What's already known about this topic?
Recessive dystrophic epidermolysis bullosa (RDEB) is a highly disabling genetic skin disease caused by mutations in the collagen VII gene and characterized by unremitting blistering and defective wound healing, leading to inflammation and fibrosis.

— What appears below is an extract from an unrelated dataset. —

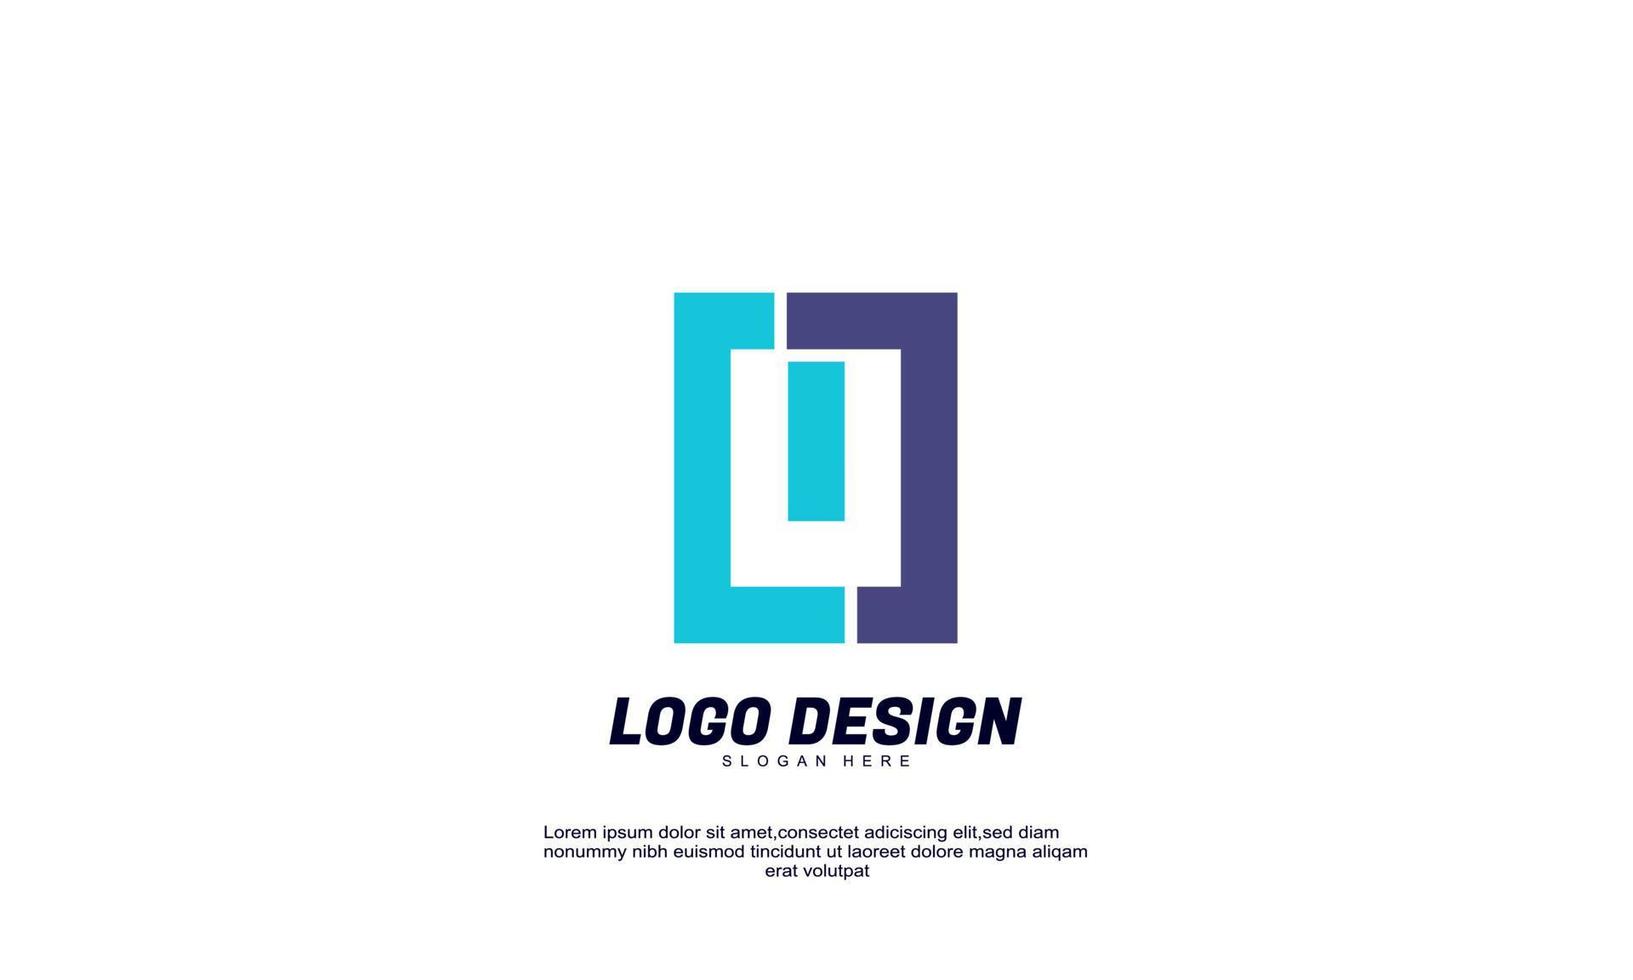 ideia criativa de estoque para construção de empresa de logotipo moderno e vetor de design plano colorido de negócios
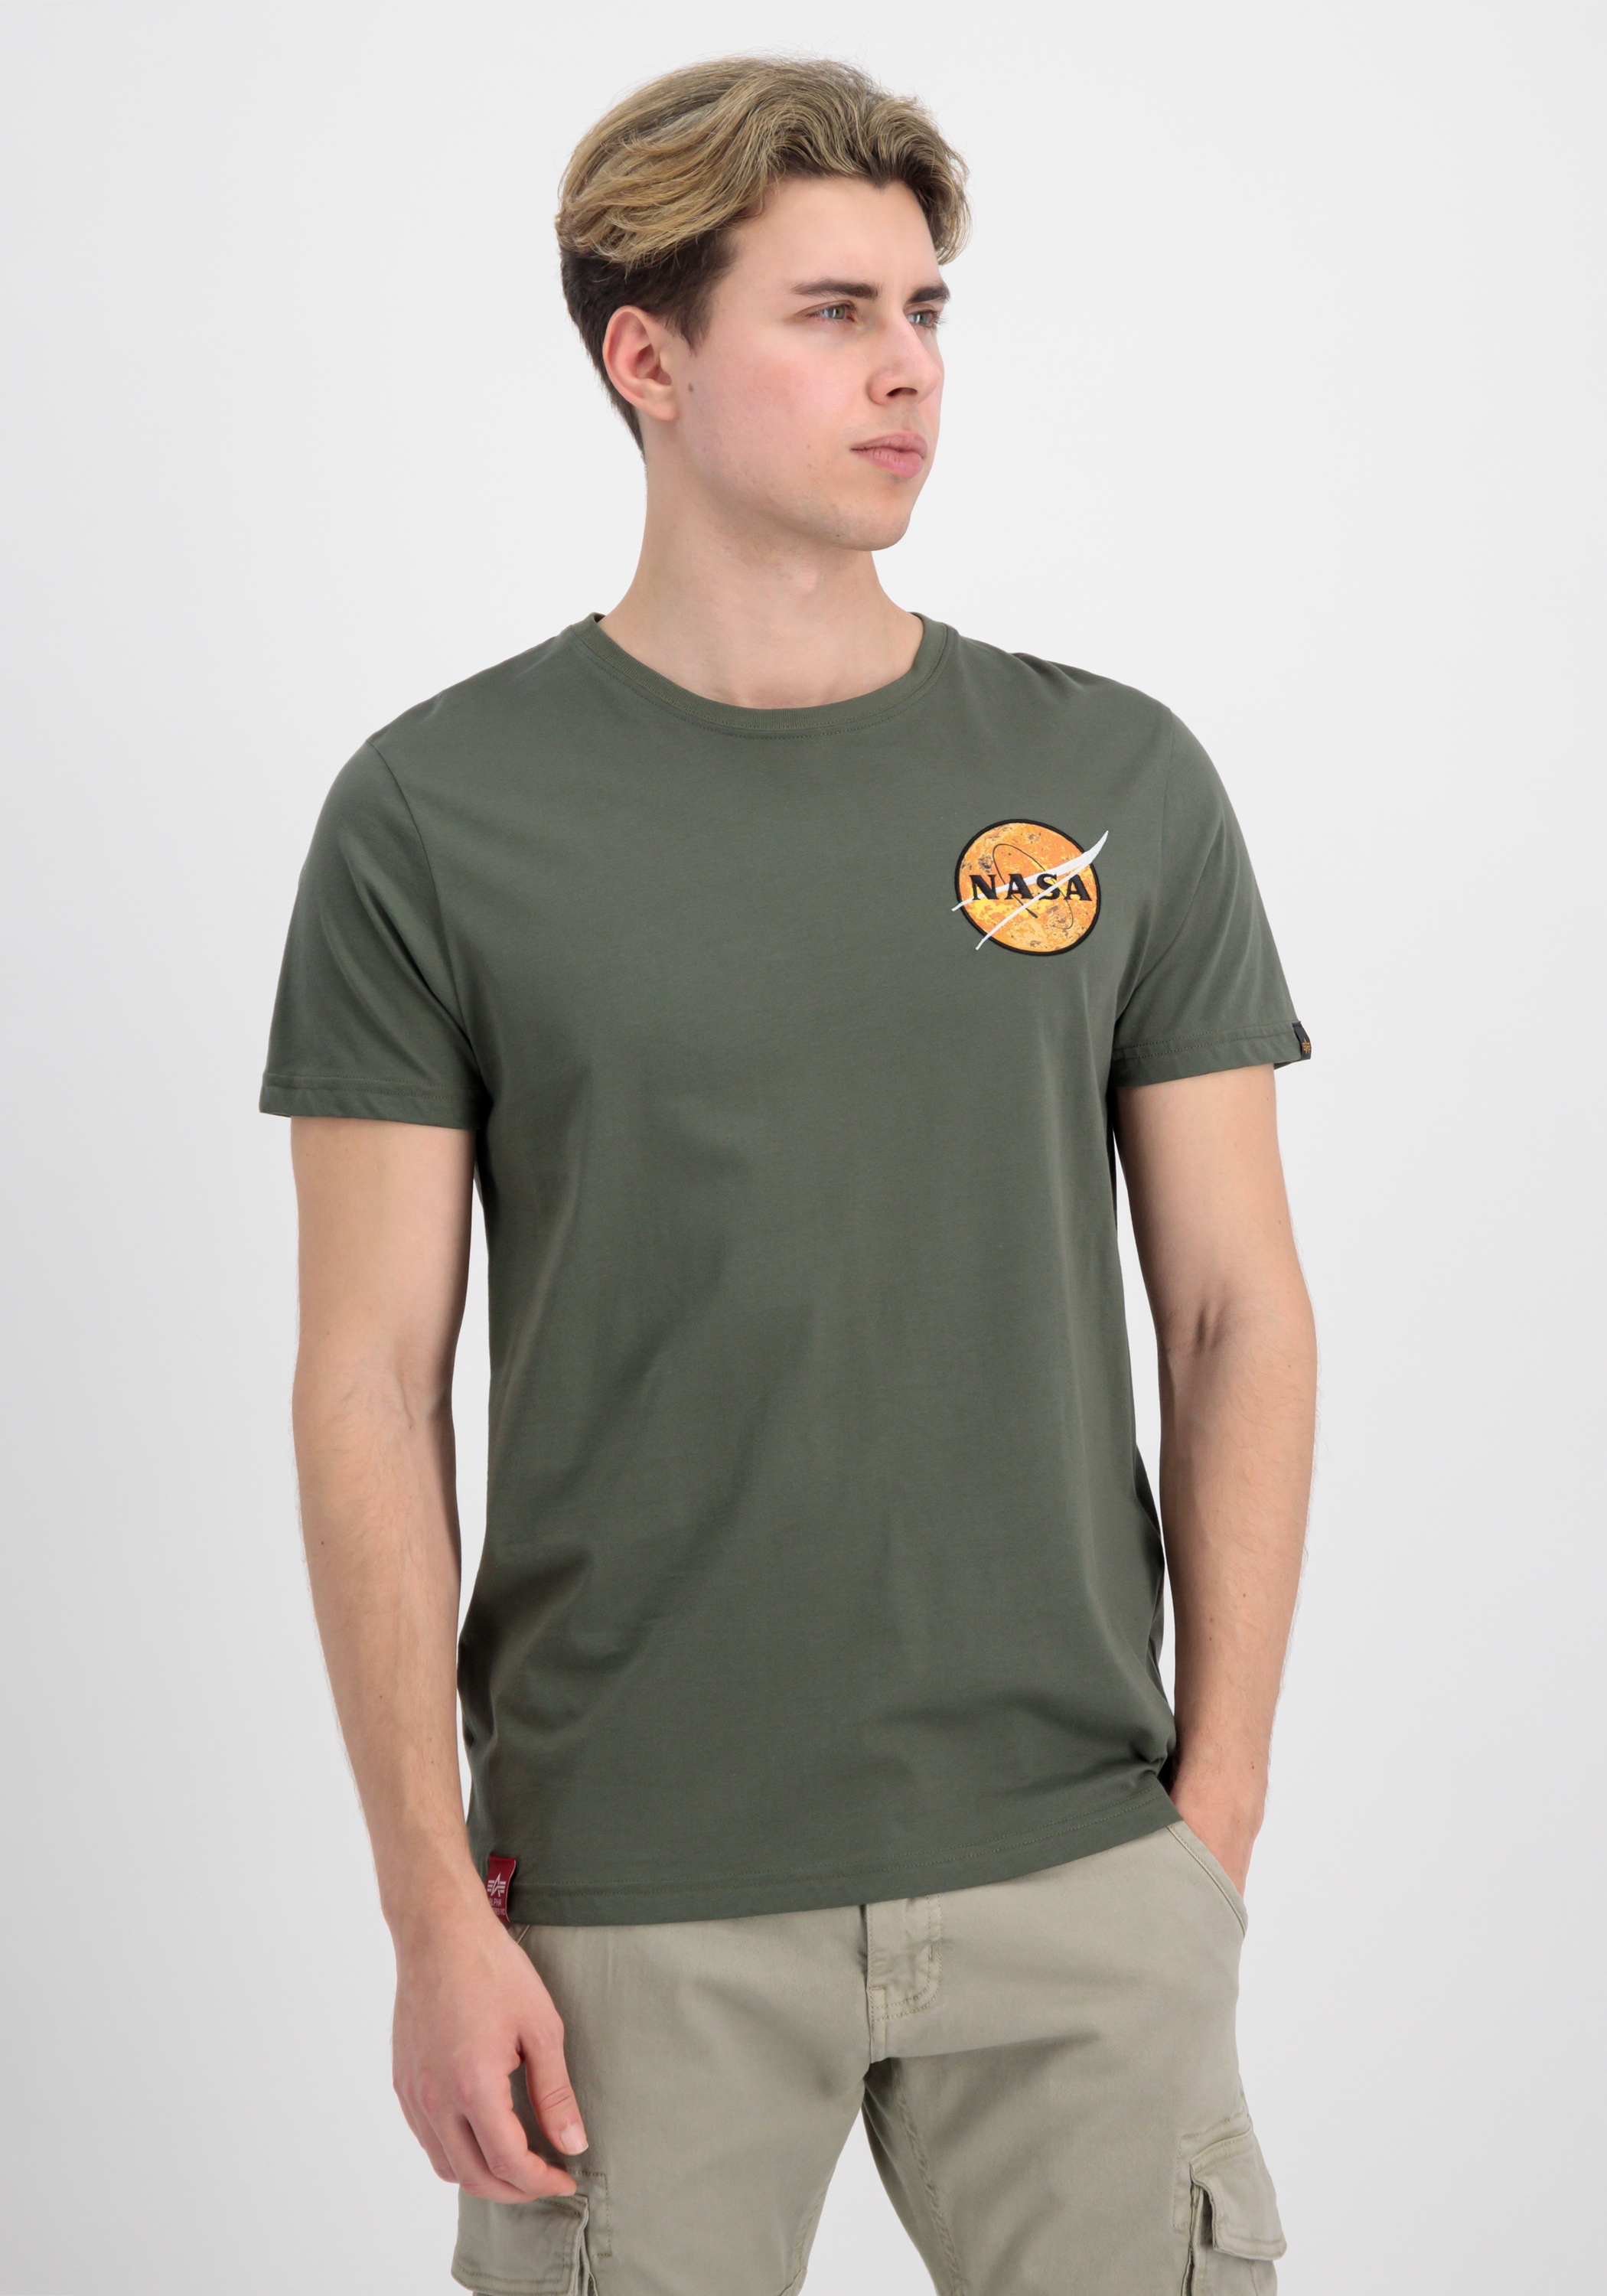 | »Alpha T-Shirts bestellen Davinci T-Shirt - BAUR Men ▷ NASA Industries T« Industries Alpha

MicroRNAs (miRNAs) are post‐transcriptional regulators of gene expression in health and disease, and their deregulation has been implicated in fibrotic skin conditions. To date, only miR‐29 has been associated with injury‐driven fibrosis in RDEB.
What does this study add?
In patients with RDEB, miR‐145‐5p is overexpressed in RDEB skin fibroblasts (RDEBFs), where it plays a profibrotic role, as its inhibition reduces RDEBF fibrotic traits (contraction, proliferation and migration).
miR‐145‐5p inhibition in RDEBFs determines the reduction of contractile markers α‐smooth muscle actin and transgelin through upregulation of Krüppel‐like factor 4, a transcriptional repressor of contractile proteins, and downregulation of Jagged1 (JAG1), an inducer of fibrosis.
What is the translational message?
Our findings expand the knowledge on miRNA‐driven pathomechanisms implicated in RDEB fibrosis.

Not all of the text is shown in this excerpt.